On Monday, 4th October 2021, around 8:45 pm IST, interlinked social media platforms Facebook, Facebook Messenger, WhatsApp and Instagram suffered a global outrage for more than 6 hours. Through a major part of the day, users on the platforms complained of errors that eventually turned into a complete worldwide shutdown of these apps, resulting in decline of stock price by 5% for the owner Silicon Valley firm. In fact, Standard Media Index, an ad measurement firm, further estimated that Facebook had lost over 5,45,000 USD per hour in revenue during the major fault.
When more than 10.6 million users started reporting about the breakdown (they were unable to send or receive any kind of messages or media), Facebook officials quickly took to Twitter to apologise for the inconvenience. They had further stated that they had been facing some network problems and all their teams were working in collaboration to fix the issue and restore the apps as early as possible.
After a wait of almost 6 hours, Facebook-powered services were finally restored and responsive. Billions of users across the world faced this huge outrage across all 4 platforms. This has been described as one of the longest outrages in the history of Facebook connected platforms, by Downdetector, a firm that monitors global internet issues.
What was the actual reason behind the outrage?
According to media reports, the primary cause of the fault was a ‘Domain Name System’ or DNS error on Facebook’s main page. This, in turn, led to a ‘technical glitch’ or withdrawing of its BGP (Border Gateway Protocol) routes affecting all the connected apps. These routes are actually part of the DNS system of the internet, which is an important feature that denotes which way the internet traffic should proceed. DNS’s job is to convert Facebook’s domain name. i.e., ‘facebook.com’ to billions of IP addresses. But on Monday, DNS was unable to do that. Instead, Facebook’s DNS data was suddenly unavailable, rendering the apps and web addresses useless. However, experts believe that the main issue was a misconfiguration (code push) in Facebook’s routers, that couldn’t connect its custom-made network to the global internet system.
How did the Facebook team finally resolve it?

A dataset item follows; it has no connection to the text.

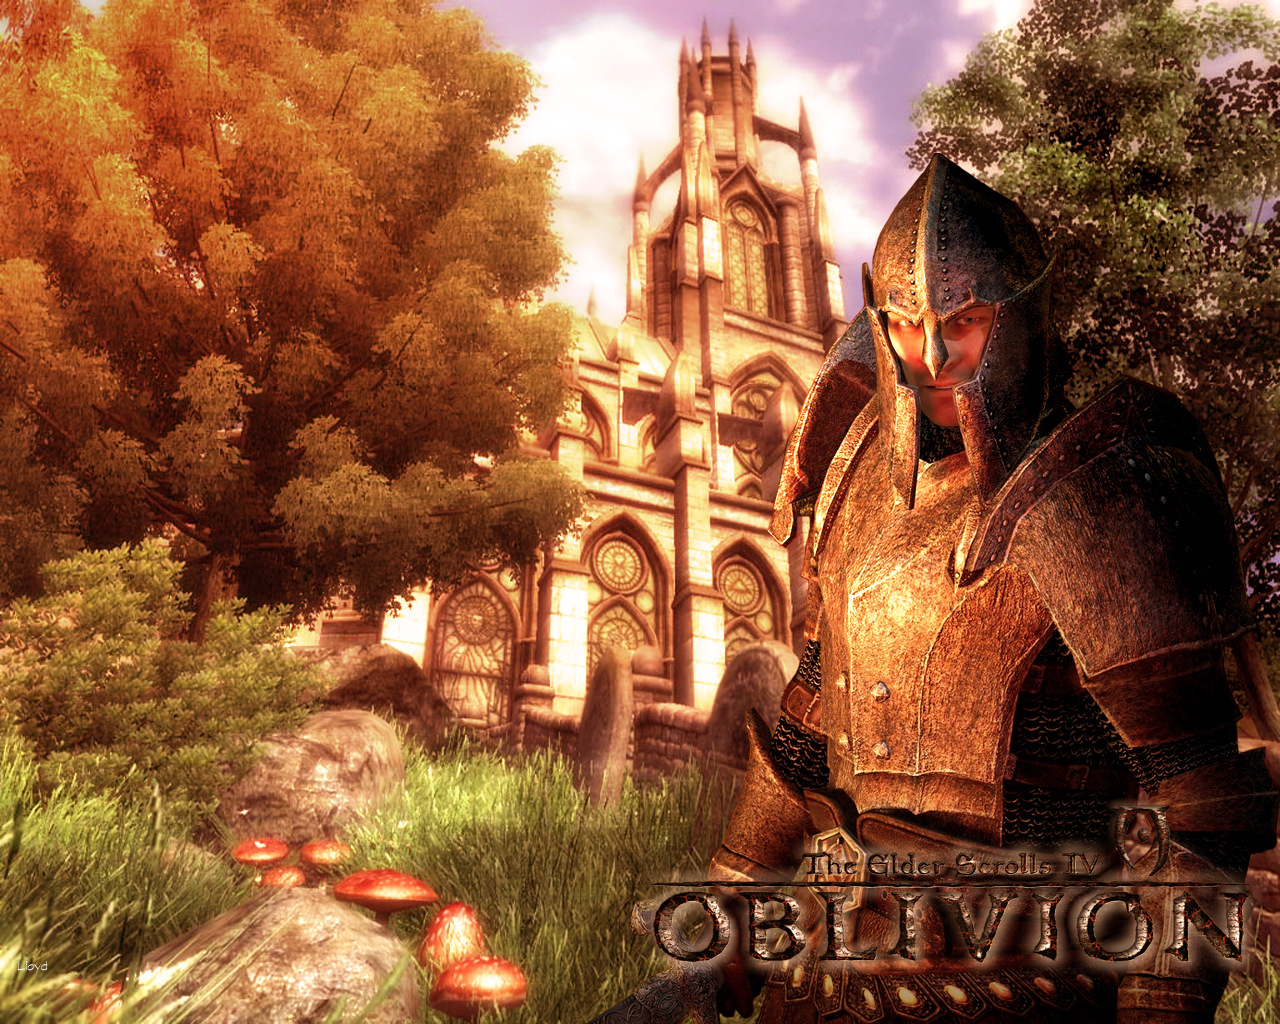 The Elder Scrolls IV: Oblivion Wallpapers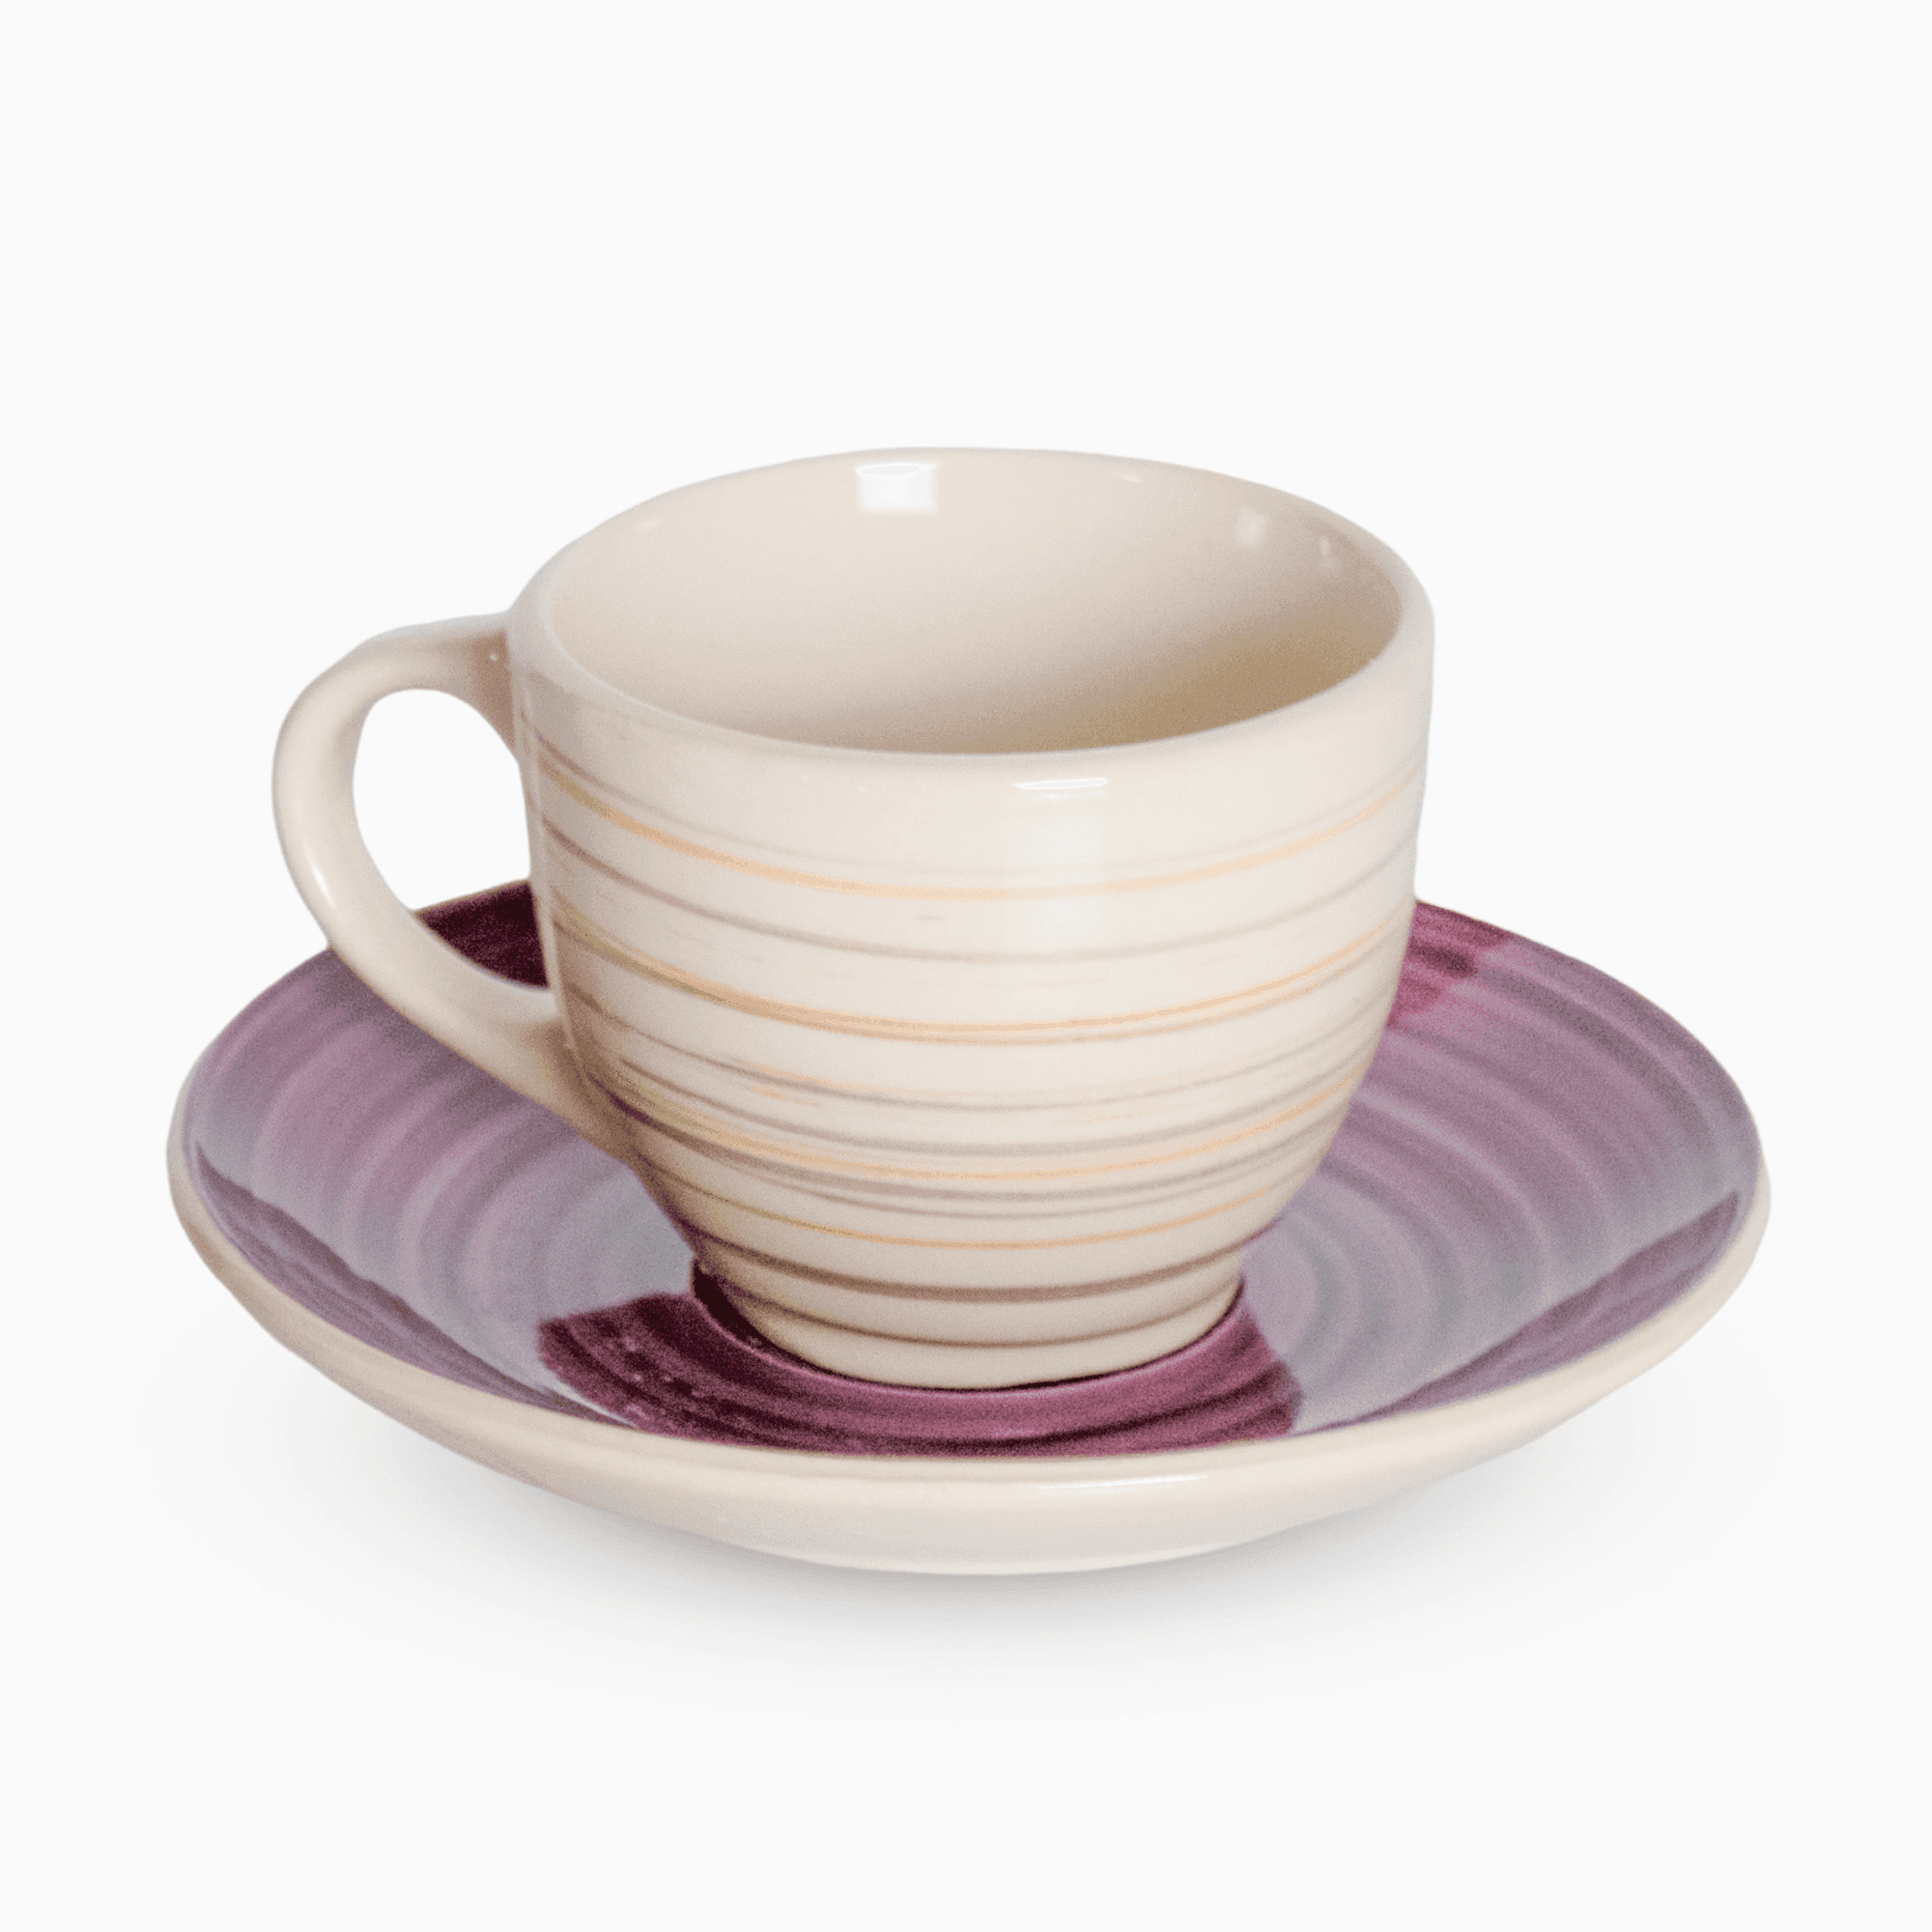 Servizio 6 Tazzine Caffe' In Porcellana E piattino Linea Sand Purple Piatti e Tazzine Albalu Bomboniere

During the outrage, the company’s internal working tools (including their own email system and security badge applications) were also down, which is why the officials could not immediately work on the issue. The employees were also prohibited from leaving or entering the company’s headquarters, until the crisis was resolved. The teams took about 6 hours to debug the DNS issue, after which slowly and carefully the platforms were restored back to normalcy. It was found that the DNS issue that had hit Facebook-powered services was indeed complex and that’s the reason why the firm took so long to reboot it. However, Facebook authorities have not yet issued an official report giving details of the same.